The name belongs to Minnesota coaching legend Herb “Ike” Isakson. But unlike the other names on that fence, Ike is still around. He’s at the field before the game, getting players ready, and after the game, sweeping sunflower seeds out of the dugout.
His jersey was retired, but his story with the Gophers is far from done.
“They just took my uniform away,” Isakson says with a smile.
Isakson, 71, still walks the sidelines in a new uniform — usually a Minnesota shirt and a simple pair of brown shoes.
But you won’t find the coach’s name mentioned in the media guide. Isakson stepped aside last season to make room for younger coaches. Although he doesn’t get any official credit, players say he’s almost as much a presence as he ever was.
“The only thing he hasn’t done is coach first base like he used to,” junior Ben Birk said. “He’s still here before the game, taking the tarp off the field. He’s always here.”
Isakson joined the team back in 1964 when his friend Dick Siebert asked him to do a little coaching.
“At that time Dick really only had one guy helping,” Isakson said. “He asked me to come out and coach as a volunteer, and it just went from there.”
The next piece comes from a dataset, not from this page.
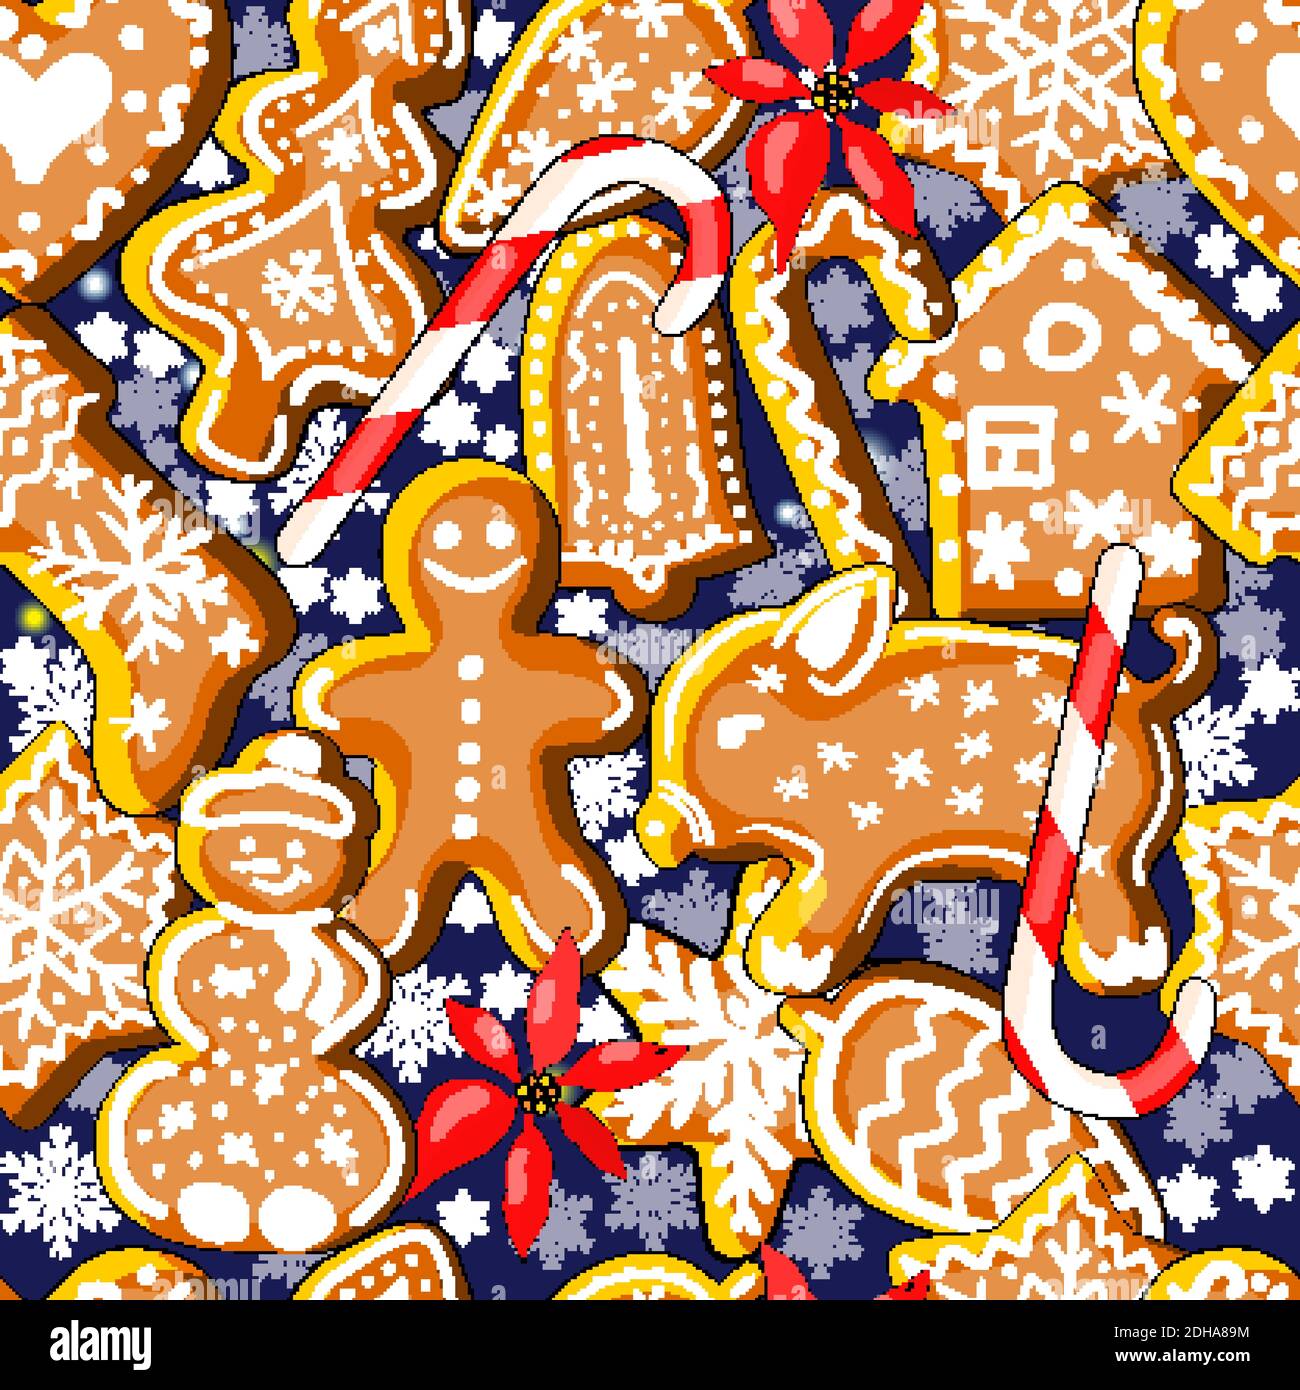 Endless texture with traditional Christmas symbols, snowflake, stars and gingerbreads. Stock Vector

Isakson has no wife or kids; just the game and the program of which he’s become an integral component. If he isn’t the heart of the team, at least he’s the main artery.
He does all the little jobs for the team such as straightening up bats and picking up balls off the field. Coaches appreciate the extra things Isakson always seems to be doing.
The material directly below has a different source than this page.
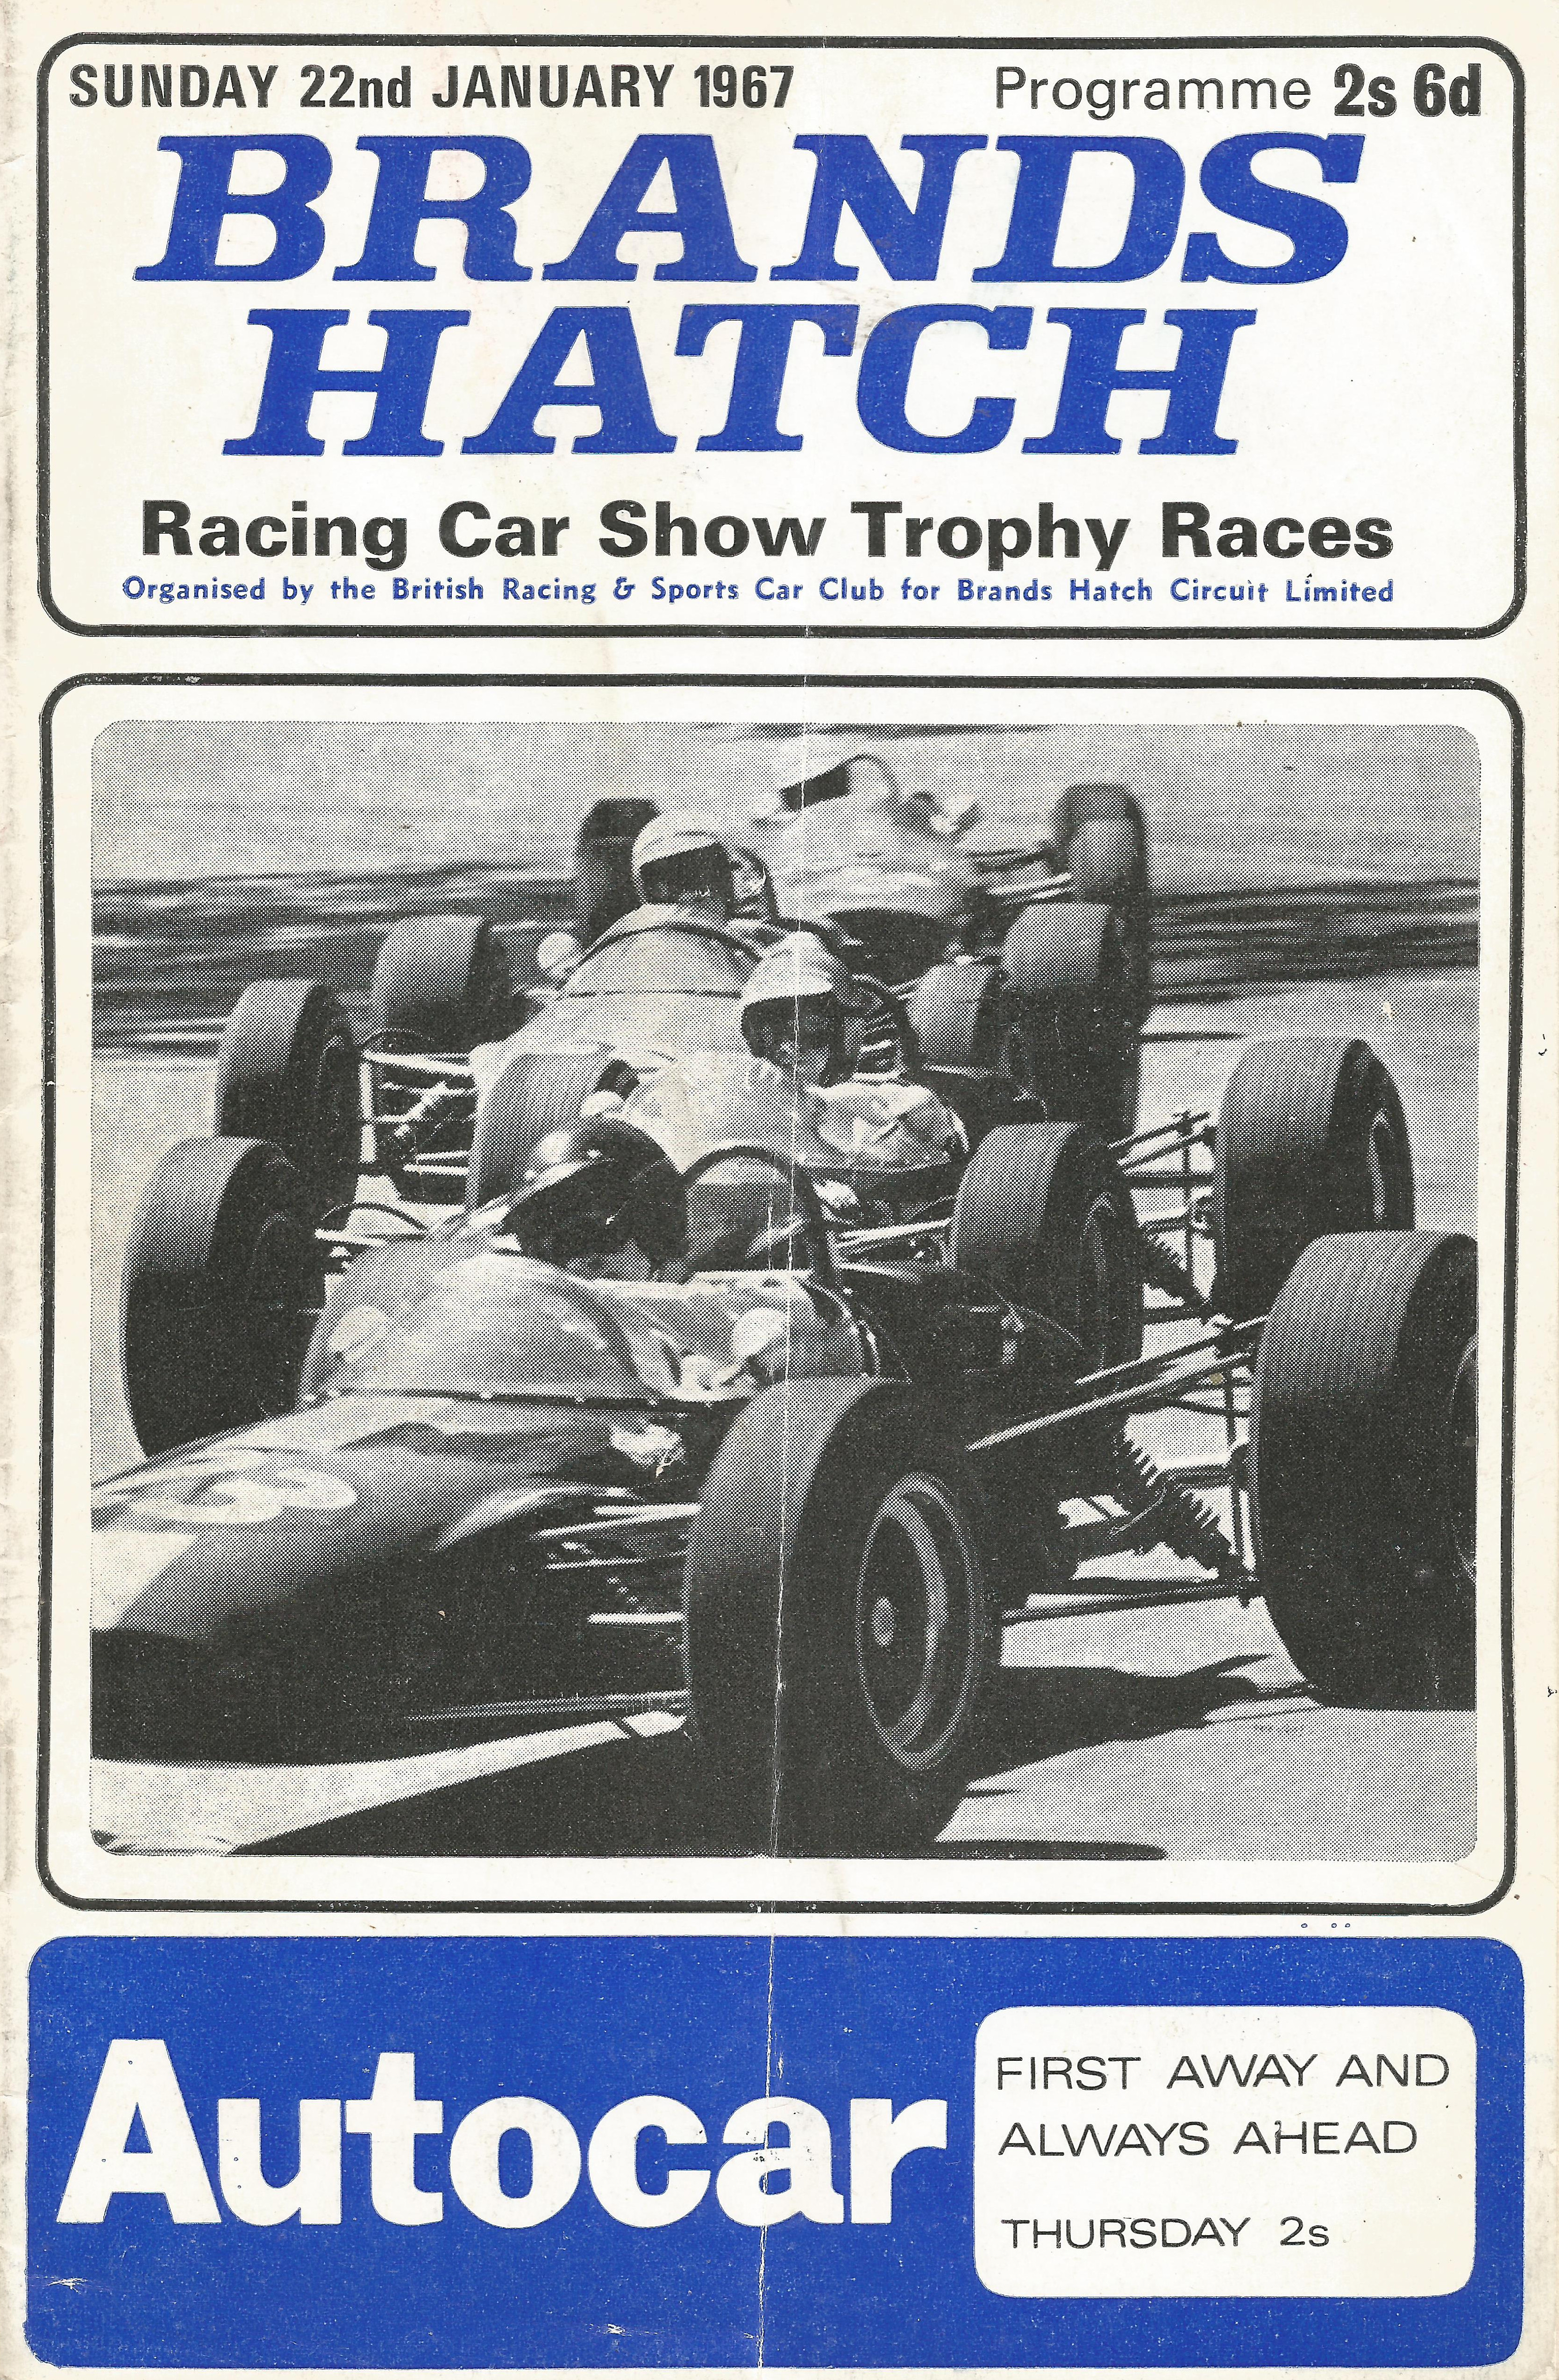 The Motor Racing Programme Covers Project

“He’s not afraid to work, that’s for sure,” assistant coach Rob Fornasiere said. “We get along so well because we both know what work is.”
Fornasiere sometimes visits Isakson during the week at Isakson’s Bayport, Minn., home and says the two have grown close over the years.
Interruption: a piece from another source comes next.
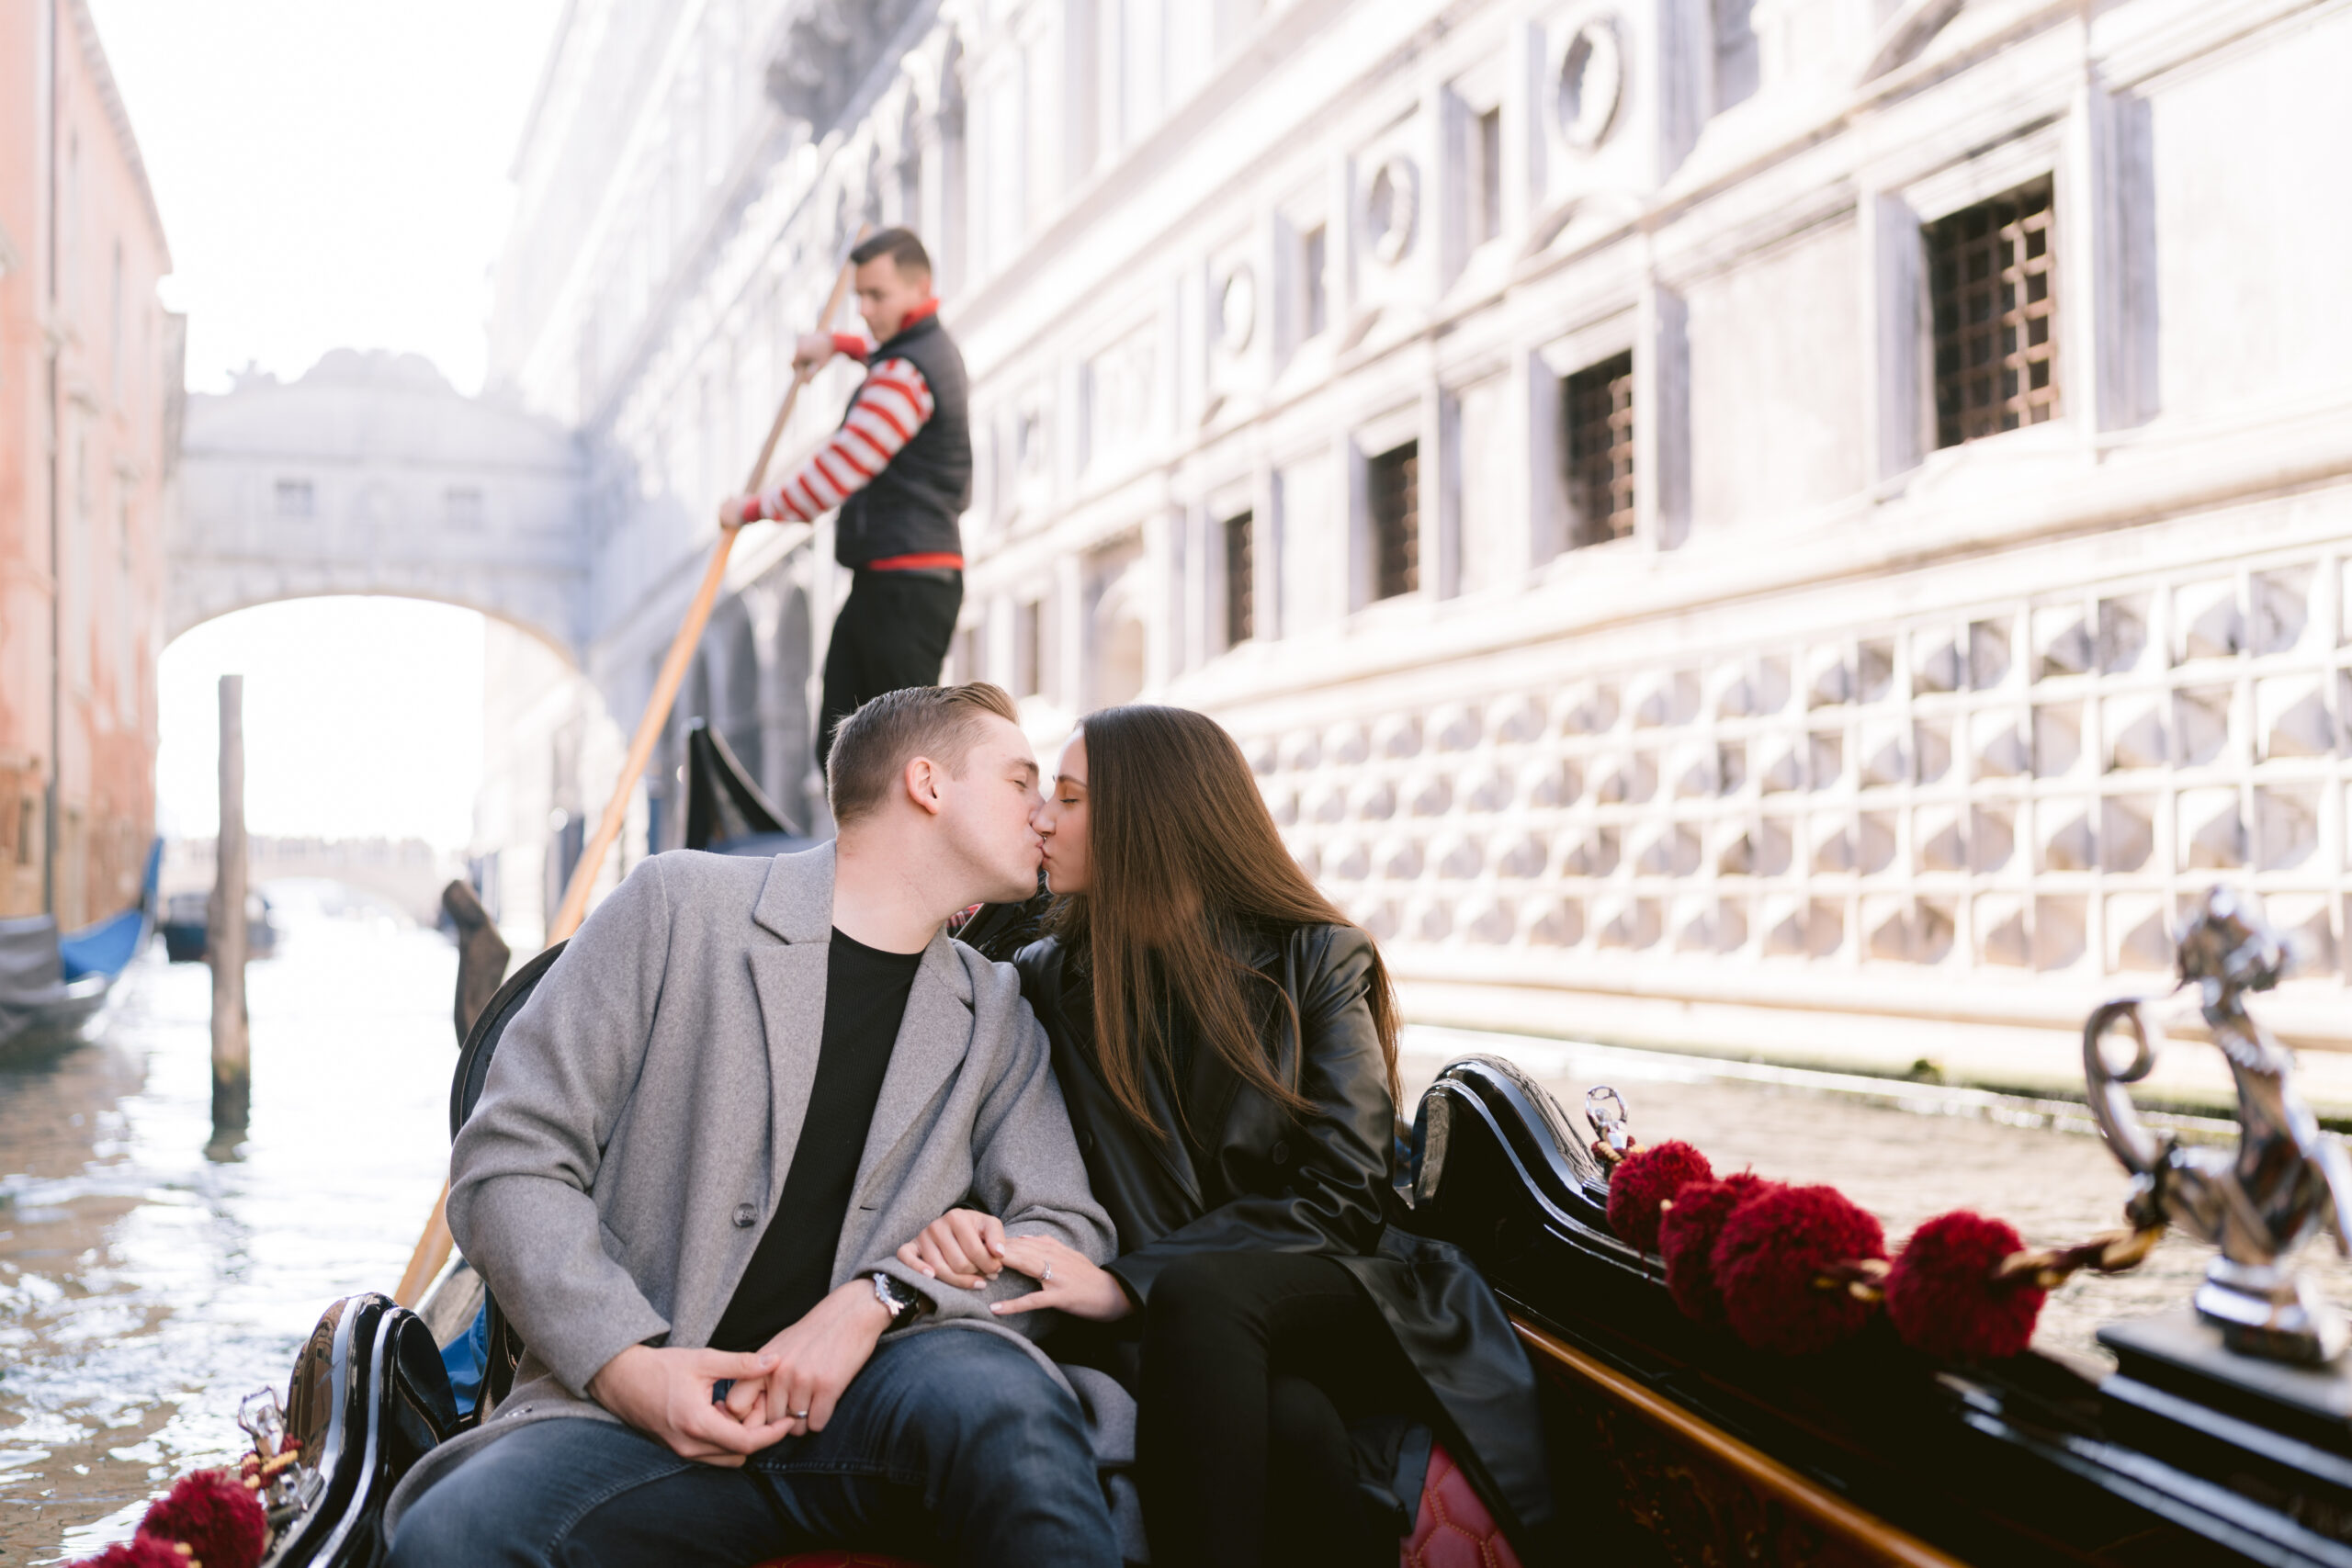 Venice photoshoot for a romantic couple by a professional photographer in Italy

“We’ve spent a lot of time together in my 14 years with the team,” Fornasiere said. “He’s one of my closest friends in baseball. Gopher baseball is his life.”
Isakson retired from his job with the city of Minneapolis in 1976 and officially retired from Gophers after the 1997 season, but he still puts in long hours. Over the winter he built a helmet shelf and a bat rack for Siebert Field, his home away from home.
But it’s not all work for Isakson. He also invented a game for the team, in which the goal is to toss a baseball between someone’s feet when he’s standing on the field.
“I’ve never been scored on,” Isakson says with his brown shoes locked tightly on the grass of Siebert Field. “They’ve never scored legally. They’ve tried tying my hands behind my back or distracting me. That doesn’t count.”
As he was talking, sophomore Rick Brosseau approached from behind with a gigantic handful of baseballs. Brosseau sneaked up as close as possible before bouncing a ball off Isakson’s calf. Isakson just stood without flinching, knowing a move could mean a score. Brosseau pelted his legs before giving up and heading for the dugout.
“It’s good fun,” he says. “It keeps them loose.”
Little games are just one way Isakson connects with the stream of new players coming into the Minnesota program. Players call Isakson “Fiver,” after his old jersey number which hangs in right field, and everybody loves having an encyclopedia of amateur baseball hanging around.
“Fiver is great,” Birk said. “He’s so into high school baseball that when you show up in the fall he already knows your name, and you’re like, ‘Who’s that?’ And he’s always giving us football updates from our hometowns in the fall. But he loves that Stillwater football, where he’s from.”
While Isakson might pull for Stillwater in football, there’s no doubt where his true loyalties lie.
“I think Fiver bleeds maroon and gold,” Birk said.